As Stelara Sunset Begins, J&J Says Tremfya Will Step Up

Johnson & Johnson’s inflammatory disease blockbuster Stelara (ustekinumab) has begun its decline, as the first biosimilar versions of the IL-12/IL-23 inhibitor launched in Europe in the third quarter and are expected to launch in the US in early 2025. The company announced third quarter sales and earnings on 15 October showing sales of Stelara are down.

After more than a decade of solid growth, Stelara declined 6.6% to $2.68bn in the third quarter versus the prior-year period. Sales declined in both Europe and the US, with sales in Europe impacted by the availability of biosimilars but sales in the US also impacted by what J&J said was a change in patient mix that impacted payments. International sales of Stelara declined 4.8% and US sales declined 7.7%.

The decline in sales of Stelara and an 18% decline in sales of Simponi (golimumab) – a smaller immunology brand that generated $516m – have put J&J’s immunology franchise under pressure. Immunology sales declined 4.7% to $4.62bn in the third quarter.

Worldwide chairman-innovative medicines Jennifer Taubert said J&J’s newer IL-23 inhibitor Tremfya (guselkumab) is positioned to step into the spotlight.

“We’re really excited about Tremfya and what we see as the prospects ahead,” she said during the Q3 earnings call. “We think that Tremfya definitely is an asset that is of Stelara size or bigger and better.”

New Growth Ahead In IBD

Tremfya generated sales of $1bn in the third quarter, growth of 13% versus the prior-year period. Sales were driven by psoriasis and psoriatic arthritis, but the drug has new growth opportunities in irritable bowel disease (IBD) indications that should drive future growth.

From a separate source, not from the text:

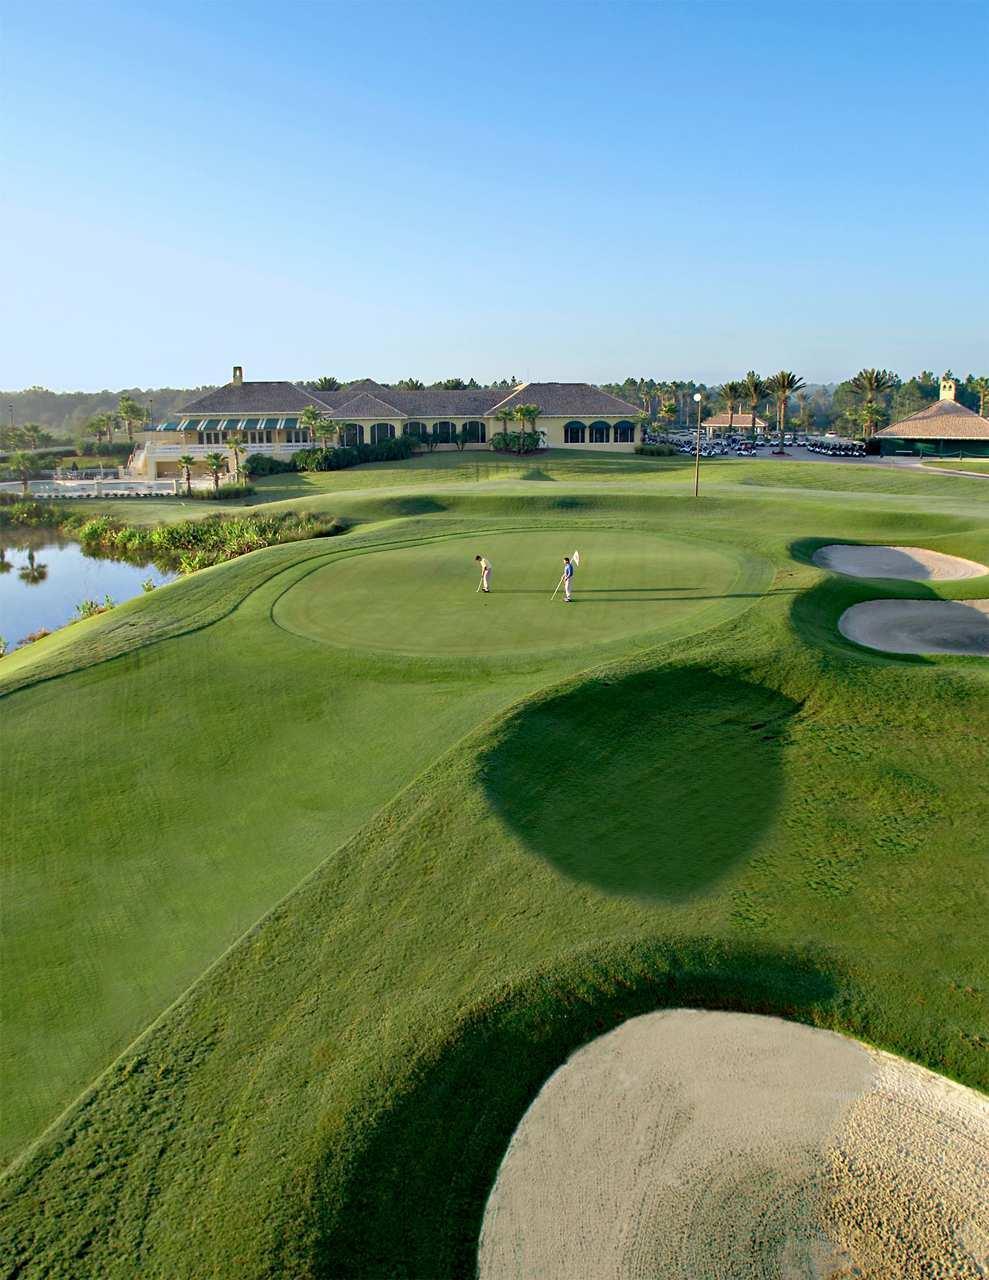 Hilton Daytona Beach Gift Shop, Daytona Beach, FL 32118 - MapQuest

“We believe we truly have a winning proposition for that asset in IBD,” Taubert said.

Tremfya, which was first approved by the US Food and Drug Administration in 2017 for the treatment of plaque psoriasis, was only approved in September for the treatment of ulcerative colitis, paving the way for its entry into gastrointestinal disease.

IBD has grown to become Stelara’s biggest market. The drug, like Tremfya, is approved for psoriasis and IBD indications, but IBD accounts for 75% of revenues, so J&J has high hopes for Tremfya in UC and Crohn’s disease. J&J filed an application with the FDA for Tremfya in Crohn’s disease in June, where an approval is anticipated.

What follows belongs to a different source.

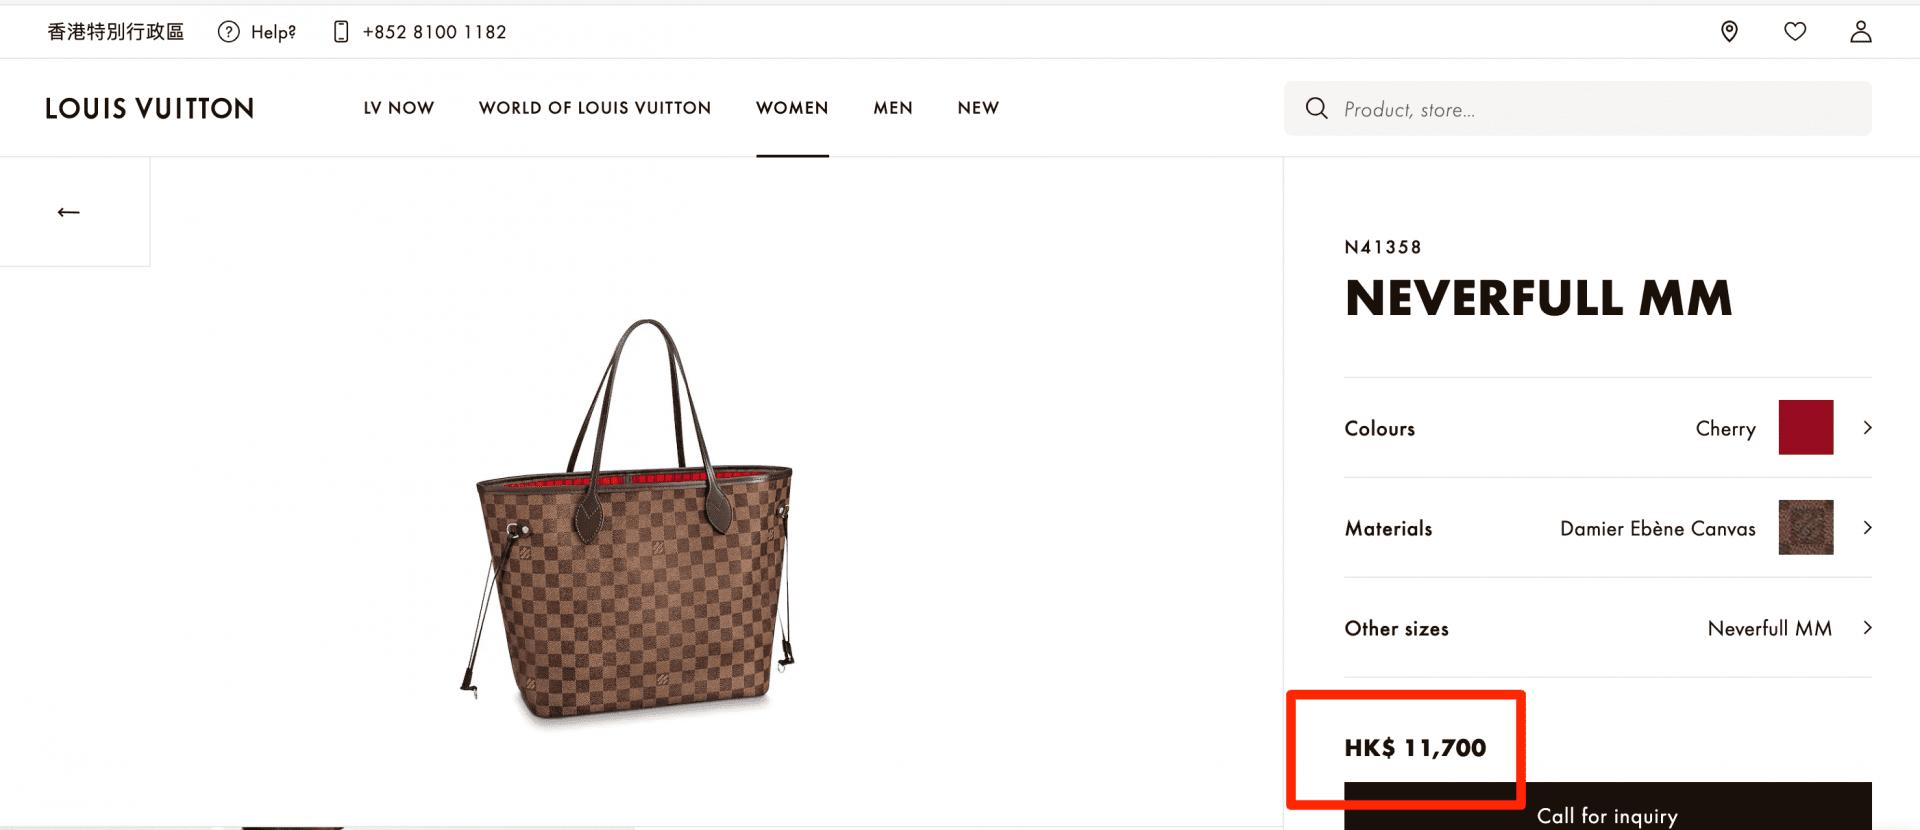 Louis Vuitton Neverfull Hong Kong pricing

“It’s off to a really nice start with really strong reception amongst the medical community,” Taubert said of the launch in UC. The area is competitive with Stelara and AbbVie’s IL-23 inhibitor Skyrizi (risankizumab), which is approved for both UC and Crohn’s disease, but J&J is trying to position Tremfya as differentiated because it is a dual-acting IL-23 inhibitor that blocks IL-23 and binds to CD64, a receptor expressed on cells that produce IL-23.

“It really sets what we believe is a new bar in terms of efficacy with the highest rate of endoscopic normalization,” Taubert said.

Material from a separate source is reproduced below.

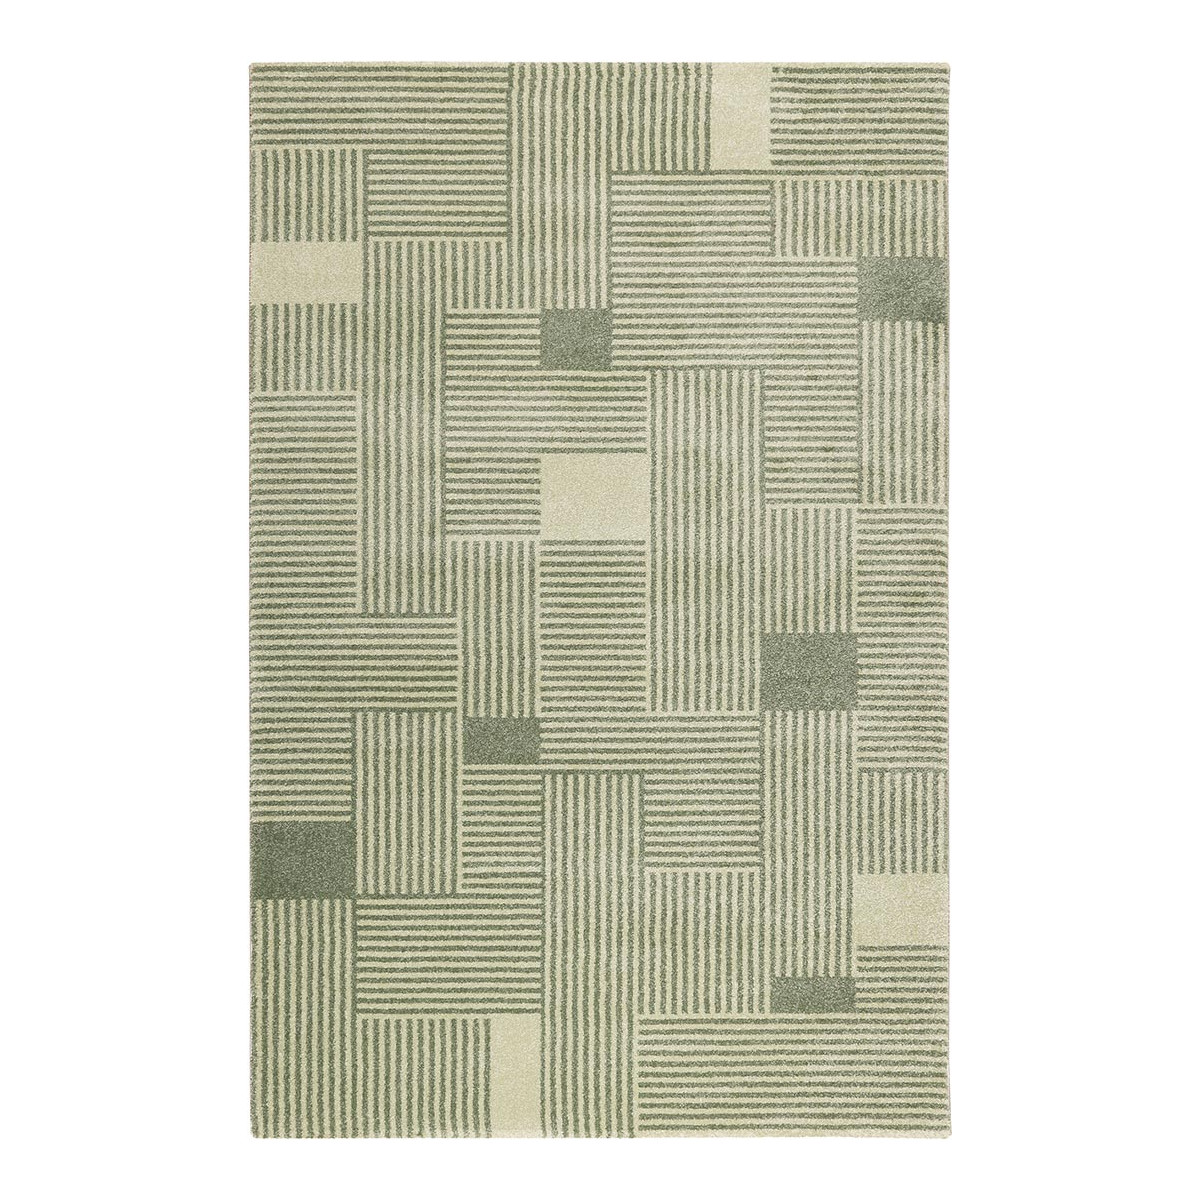 Tapis géométrique design en polypropylène vert 80x150

Management also highlighted a pipeline asset in immunology that is expected to be an important future growth driver, the oral IL-23 antagonist peptide JNJ-2113, which is in Phase III development for plaque psoriasis.

“We do think that being able to have that advanced efficacy and known safety profile in a simple oral tablet is not only going to be great for the existing biologics appropriate patients, but we think it gives us a great market expansion opportunity moving into earlier lines of therapy as well,” Taubert said.

J&J is studying JNJ-2113 in IBD indications as well, including in a Phase II study in UC.

“Given that the IL-23 pathway is well validated in inflammatory bowel disease, thanks to Stelara and Tremfya, we’re quite confident that those studies will come through for us,” exec VP-innovative medicines R&D John Reed said. Development in Crohn’s disease is also planned.

Overall, J&J’s innovative medicines business grew in the third quarter, with sales up 4.9% to $14.58bn, driven by Darzalex (daratumumab), Tremfya and other new brands like the cell therapy Carvykti (ciltacabtagene autoleucel) and depression drug Spravato (esketamine).